[WORK ITEM]
An unchanged copy of all the lines below is expected, and it should contain no pictures.
INPUT DATA below:
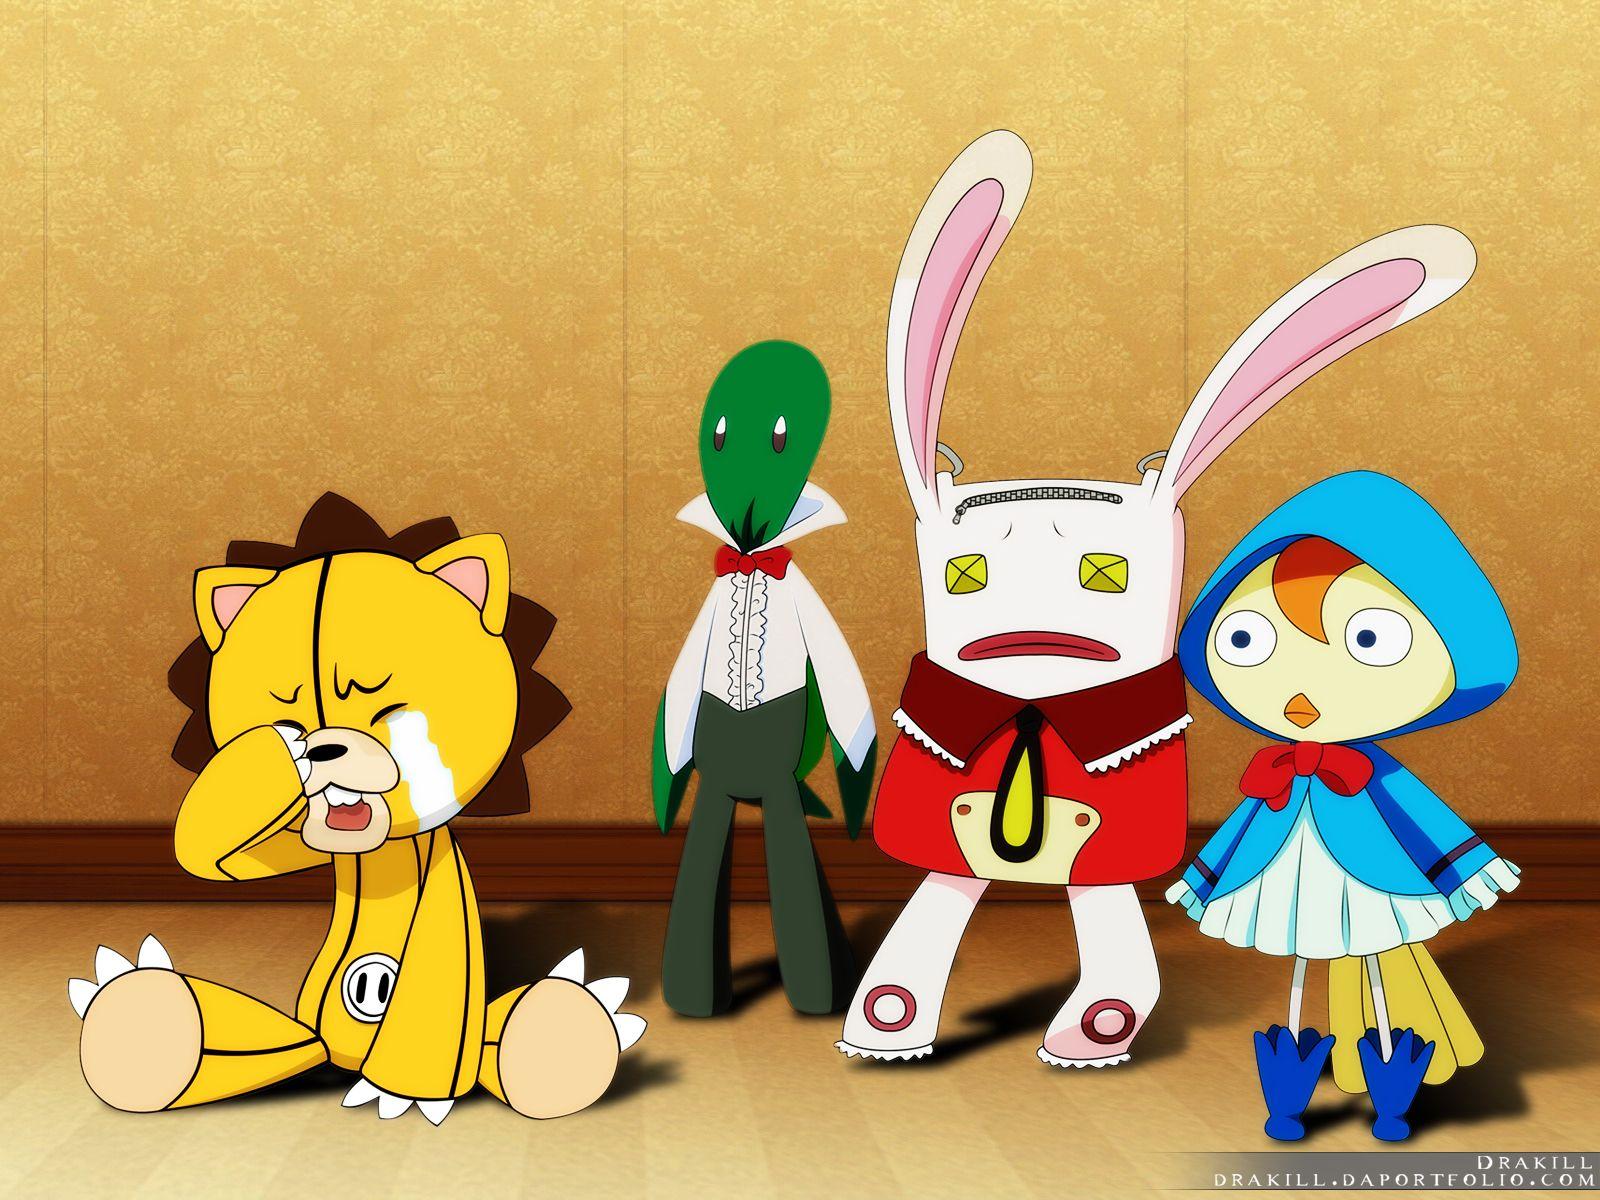 bleach kon Google Search Bleach anime, Bleach characters
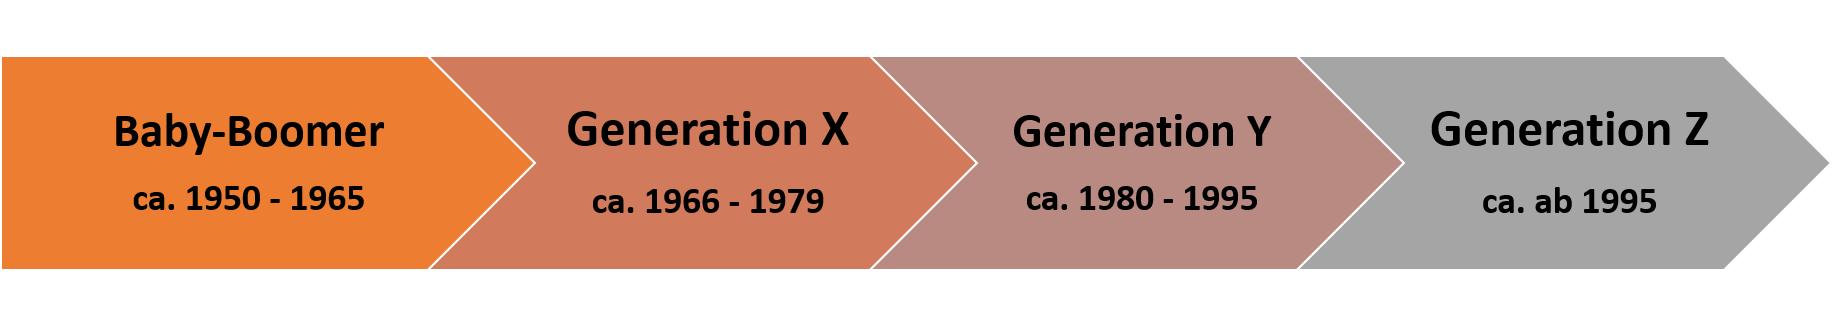 Pfeil-Diagramm zur Darstellung der Generationen Baby-Boomer, X, Y und Z
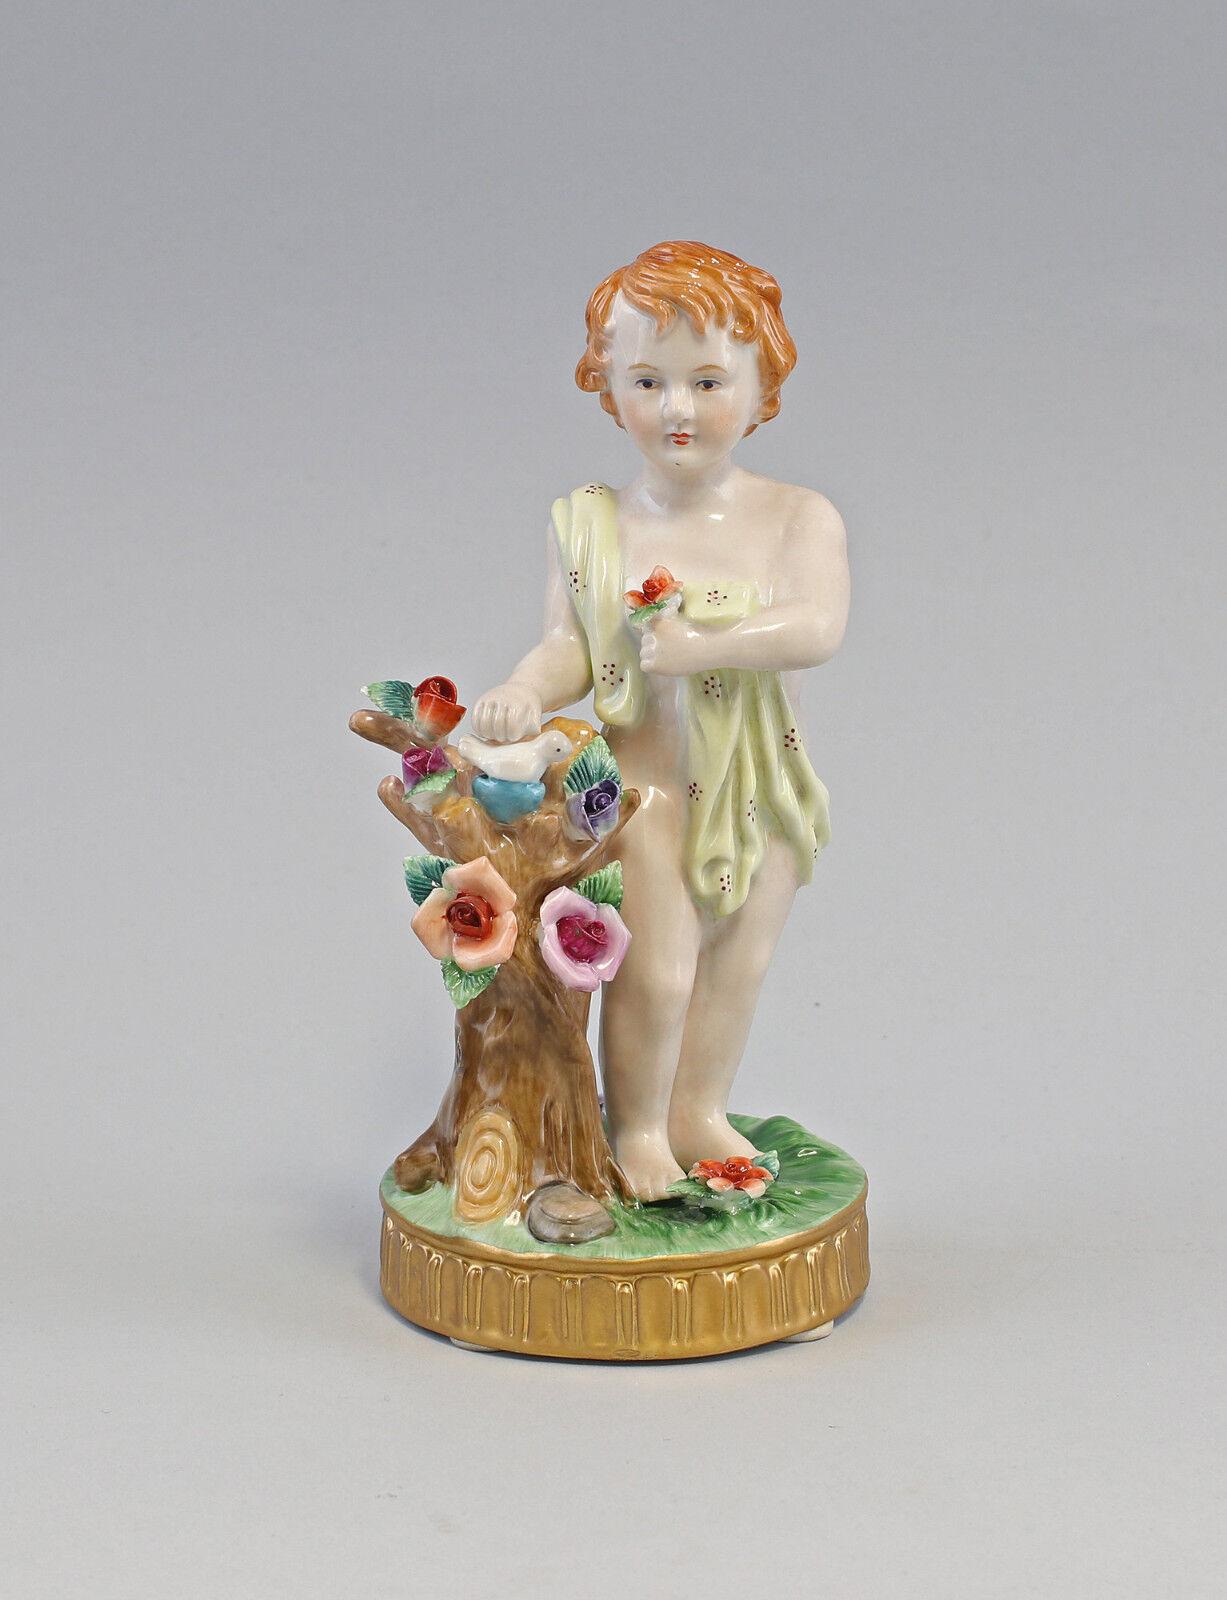 Porcelana figura Ángel putto con pájaro en el nido esplendido historicismo nuevo 9987235
End of INPUT DATA.
[WRITTEN REPLY]
 bleach kon Google Search Bleach anime, Bleach characters
 Pfeil-Diagramm zur Darstellung der Generationen Baby-Boomer, X, Y und Z
 Porcelana figura Ángel putto con pájaro en el nido esplendido historicismo nuevo 9987235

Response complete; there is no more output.